Pizano and an employee prep orders at the restaurant. Raising Cane’s menu is centered on chicken fingers, fries, coleslaw and Texas toast.
Pizano faces one of her least favorite tasks: firing a worker for a policy violation. “These conversations are never easy,” she said. 
She later finds that the restaurant went through much more hot sauce than normal the previous day. She quizzed workers on how much they were dispensing and coached them to reduce portions.

4 p.m. Building a base

Pizano’s day inside the restaurant is ending, and she does her final walkaround. She makes a note to follow up with a soda vendor about shipping a component for the drive-through beverage dispenser.
After leaving the restaurant, Pizano is still working. She drops off kids’ meal gift certificates to a local Taekwondo dojo. Raising Cane expects restaurant leaders to figure out how best to market their locations to boost sales.
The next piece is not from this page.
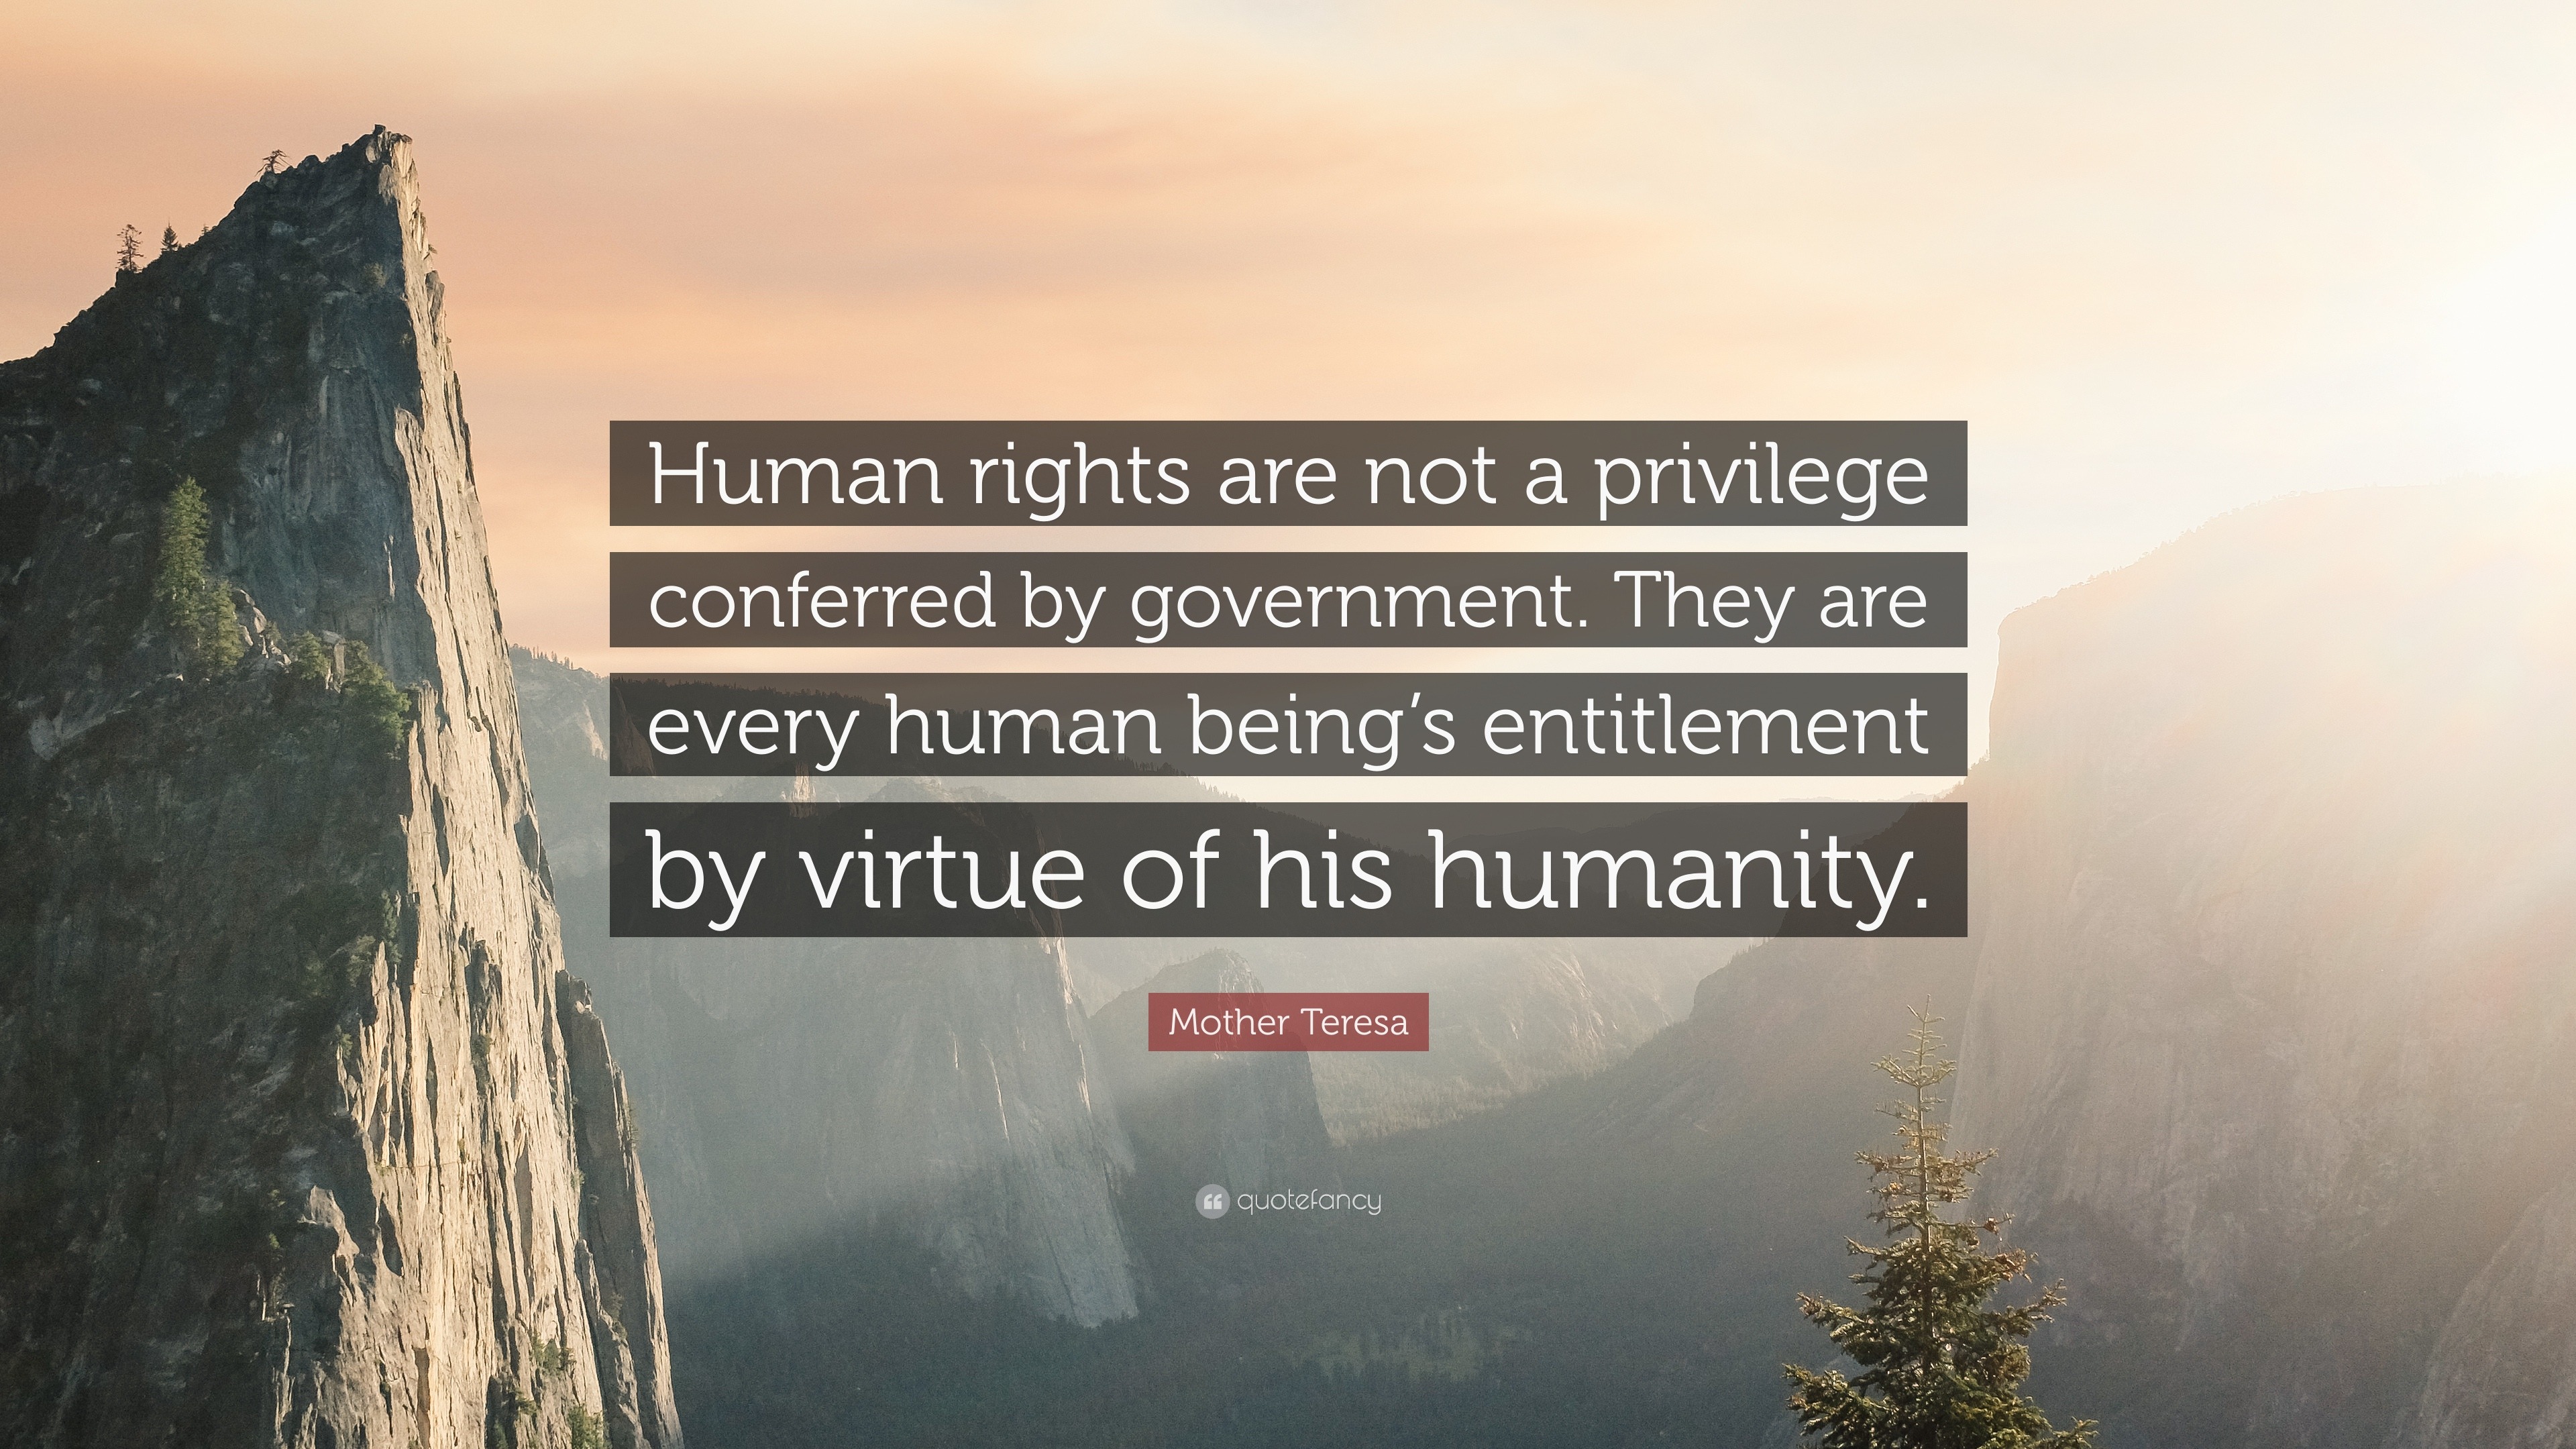 essay on human rights with quotations

The Raising Cane’s location that Pizano manages generates about $9 million in sales a year.
Pizano gets the occasional late-night call. About a year ago, a man attempting to evade police during a car chase ended up in the restaurant’s drive-through. One call this past year came after a ruptured air-conditioning belt billowed smoke through the vents.
She could have opted for a job with more traditional hours. In 2019, as her college graduation neared, Pizano interned at the Riverside Public Planning Department. She chose restaurant work.
“Sitting at a desk and fixing documents, I wanted to fall asleep,” Pizano said. “I wanted to be on my feet.”